|High Energy Physics Libraries Webzine|
Issue 5 / November 2001
Arturo Montejo Ráez, David Dallman (*)
Bibliographic databases originally developed out of the traditional library card catalogues, which enabled users to access documents via various types of bibliographic information, such as title, author or report number. In addition these catalogues sometimes contained subject-related information, for example that provided by using the Universal Decimal Classification (UDC) scheme [McI].
Following the introduction of the first e-print archive in the particle physics (also known as high-energy physics) community in 1991 [Gin91], a collection of around 200,000 fulltext documents covering several fields of physics, mathematics and accelerator engineering is now freely available via the World Wide Web [SG96].
The catalogue (database) provides the interface between the user and the document being searched for. This functionality has been enhanced, but not yet changed in any of its essentials, by having the documents available in electronic form, making it possible to access them remotely.
There are two main uses of a bibliographic database. One is, when one is searching for a specific document which one already knows exists, wants to find out if it is available, and if so, get access to it. This is the so-called referral approach, somewhat like looking up a piece of information in an encyclopedia. One knows it is there, one just wants to see it.
The other main use is when one has a specific topic in mind, and wants to find documents which address this topic. It is only with this second type of use that we are concerned here. This implies a subject-based approach to a document collection.

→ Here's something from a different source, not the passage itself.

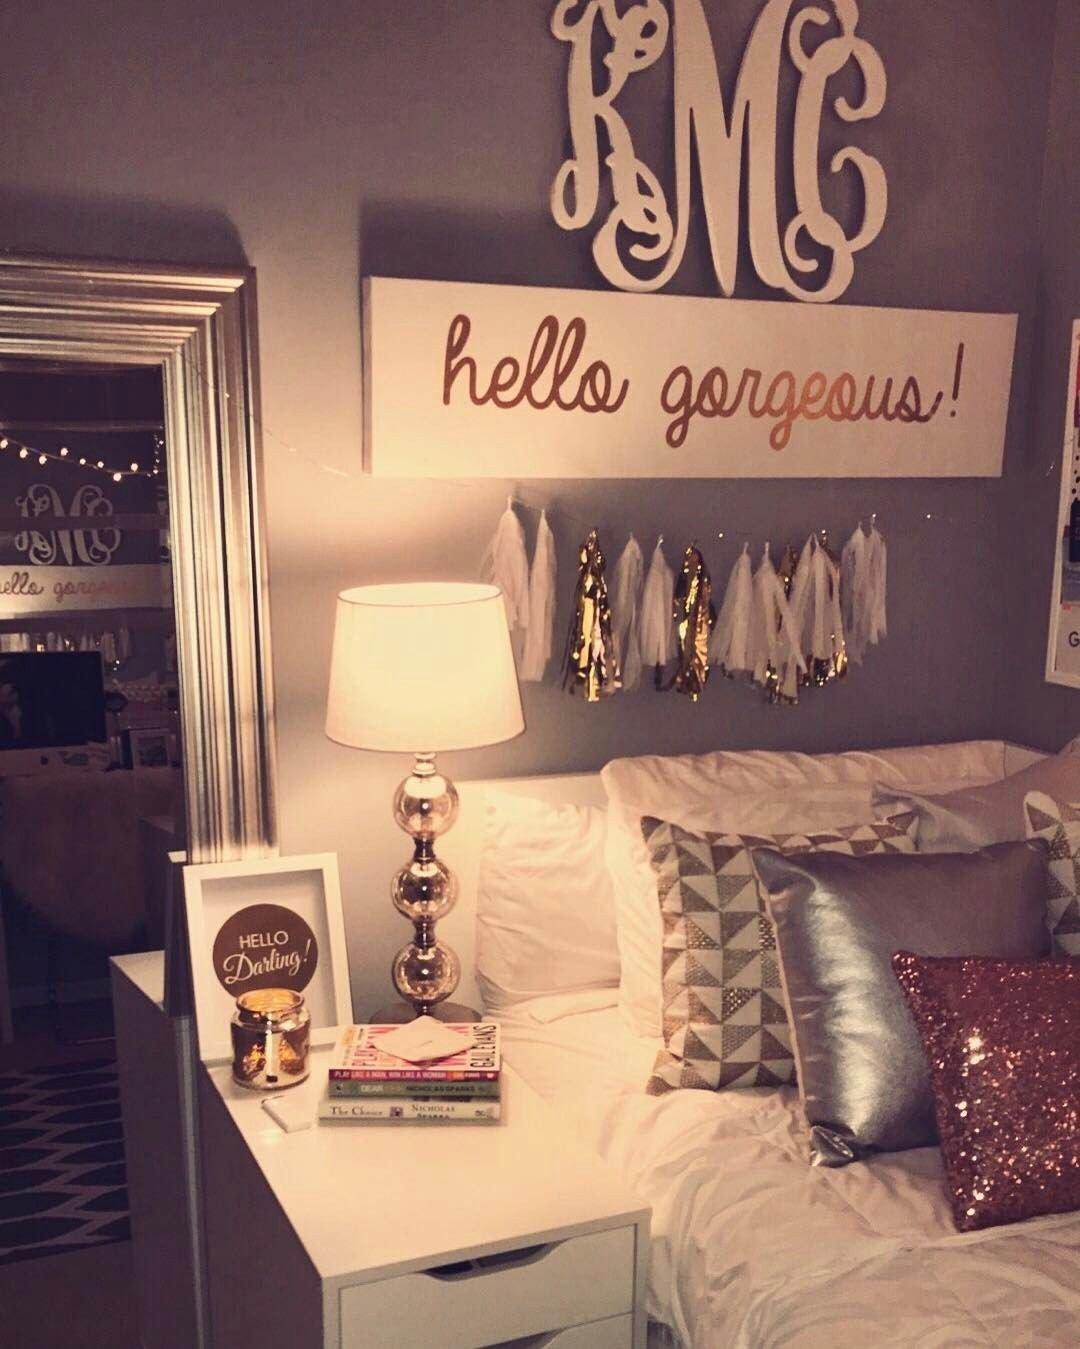 Teenage Girl Bedroom Decor Elegant Pin Od Použvateľa Gracie Shaver Na Nástenke Room Ideas

While the referral approach is well supported by current database systems, the subject-based one is less well developed since it has to deal with knowledge content and heuristics. The attribution of metadata by a subject specialist is itself quite a complex process. Computing approaches to the same task are still far from providing viable alternatives to the subject expert. Nevertheless, tools might be able to be developed to make this task easier.
Providing subject-correlated metadata to add value to database records is called subject indexing. Some articles may contain subject-oriented information supplied by the authors (though often only when the journal makes it a condition of acceptance!). For example, some journals use keywords, while others have adopted the Physics and Astronomy Classification Scheme (PACS) supported by the American Institute of Physics [oP]. However, these approaches are not used widely enough to be useful for global searching. Therefore, any globally useful data describing the subject content have instead to be supplied by the creators of the database used for the searching.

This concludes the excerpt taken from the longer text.